On Wednesday 24 July 2019 in the House of Lords, two peers questioned the UK Government over the independence of its human rights assessments of Bahrain, the failure of the country’s oversight bodies and the risk that UK taxpayers are funding the death penalty in the country.

During the session, Lord Collins of Highbury said: "The fact is that the verdict of the UN Committee Against Torture was that UK-funded human rights oversight bodies in Bahrain are not effective. UK taxpayers’ money is being used and leading to more executions [in Bahrain] than ever before."

UK assistance to Bahrain is funded through the controversial Integrated Activity Fund. The Government does not provide breakdowns or details for this spending so it isn’t known exactly how much UK taxpayer money is given to Bahrain, or for what purpose.  

Ali and Ahmed’s families received a phone call from the prison asking them to attend a “special visit” this afternoon. The last time that family members of death-row inmates were notified of a similar visit in January 2017, the three individuals concerned were executed a few hours later.

This morning (26 July 2019) the Bahrain Institute for Rights and Democracy (BIRD) found out that authorities at Jau Prison have tripled the presence of security officers and riot police in each building and will suspend phone calls and family visits for the wider prison population. In January 2017 the families of Abbas al-Samea, Ali al-Singace, Sami Mushaima received similar calls from the prison. The three men were executed by firing squad early in the morning.

According to Article 330 of Bahrain’s Criminal Procedure Code, relatives of those scheduled for execution will be permitted a final visit “on the date fixed for the execution”, before the sentence is carried out.

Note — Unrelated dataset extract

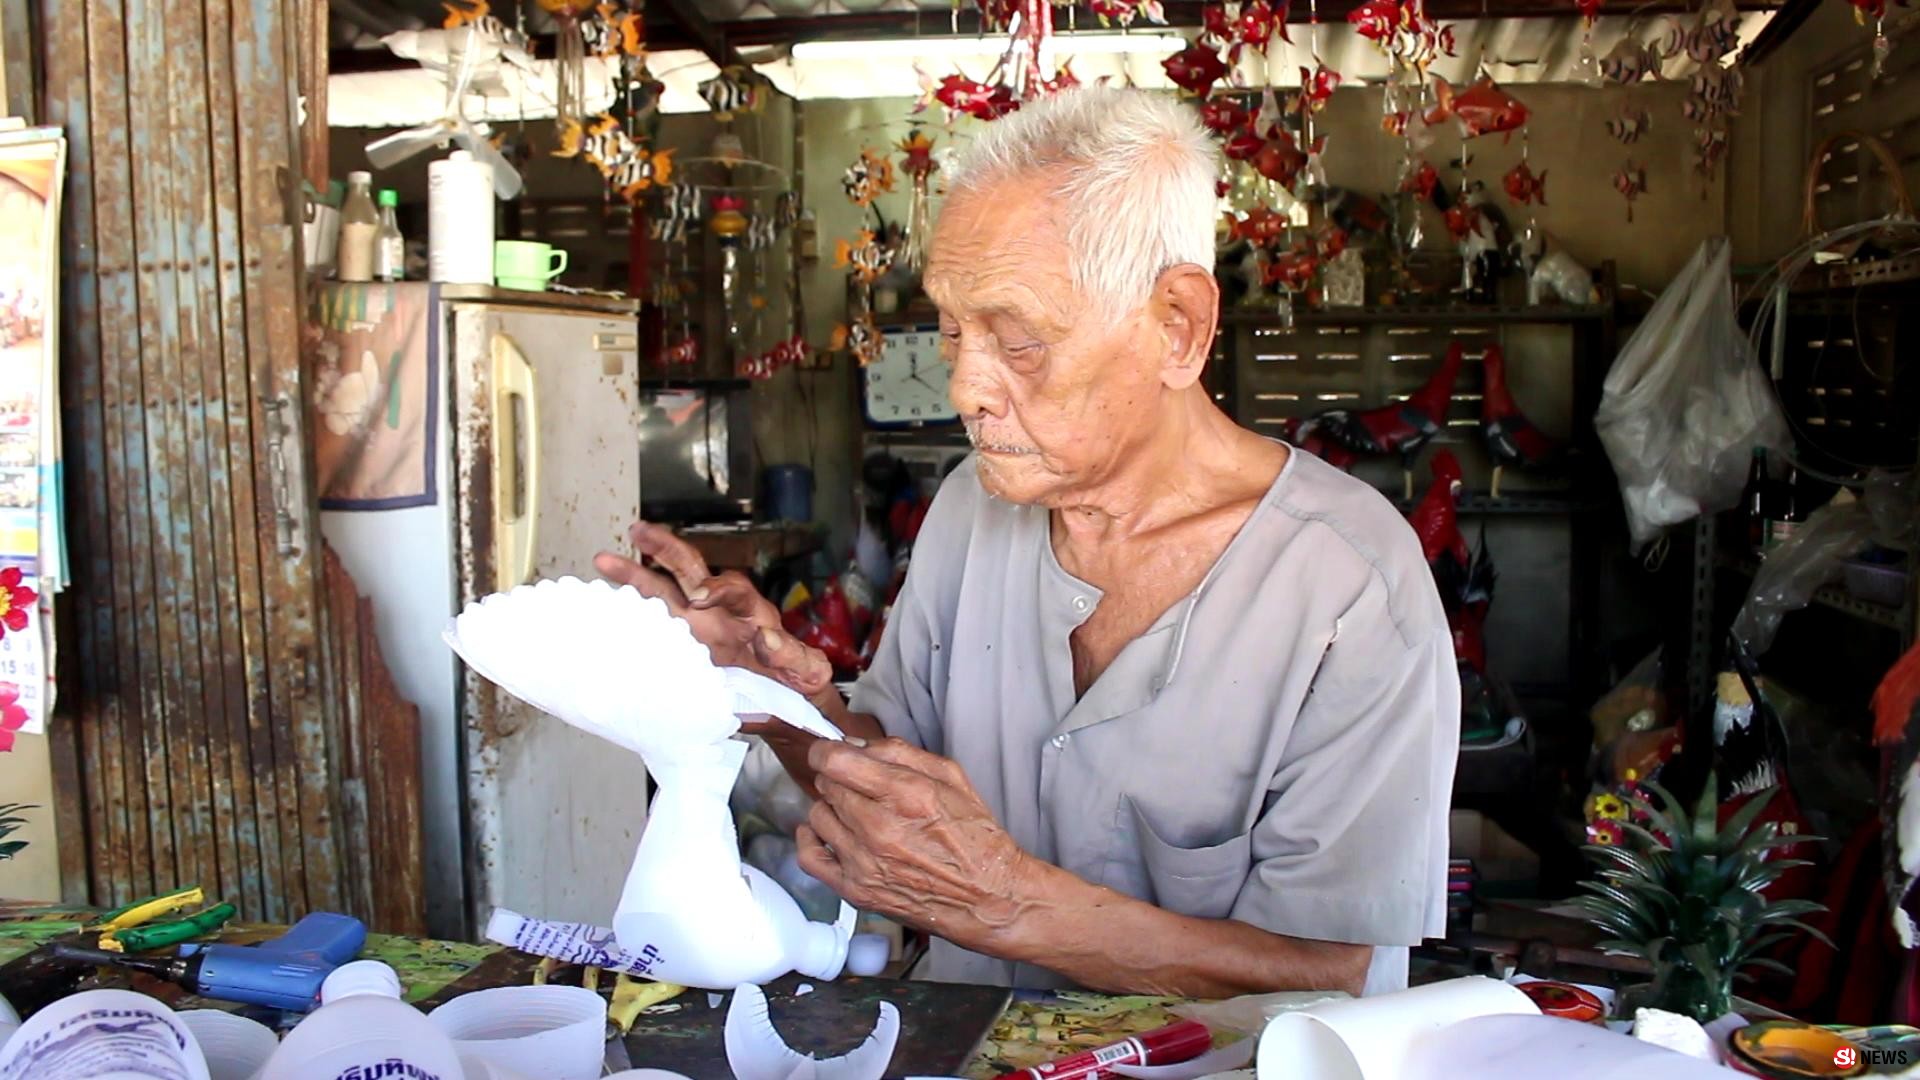 ราชบุรี - กู๊ดไอเดียปู่วัย93ปีอดีตช่างปั้นโอ่งราชบุรีประดิษฐ์ไก่จากขวดสวยเหมือนจริง

Commenting, BIRD’s Director Sayed Ahmed Alwadaei, said: “Ali and Ahmed were brutally tortured and forced to sign false confessions, yet their executions now seem inevitable. It appears that the Bahrain government planned this meticulously, timing the executions to coincide with US, EU and UK legislative recesses in order to avoid international scrutiny. They must not be able to get away with this. The international community must do all it can to prevent these executions going ahead.”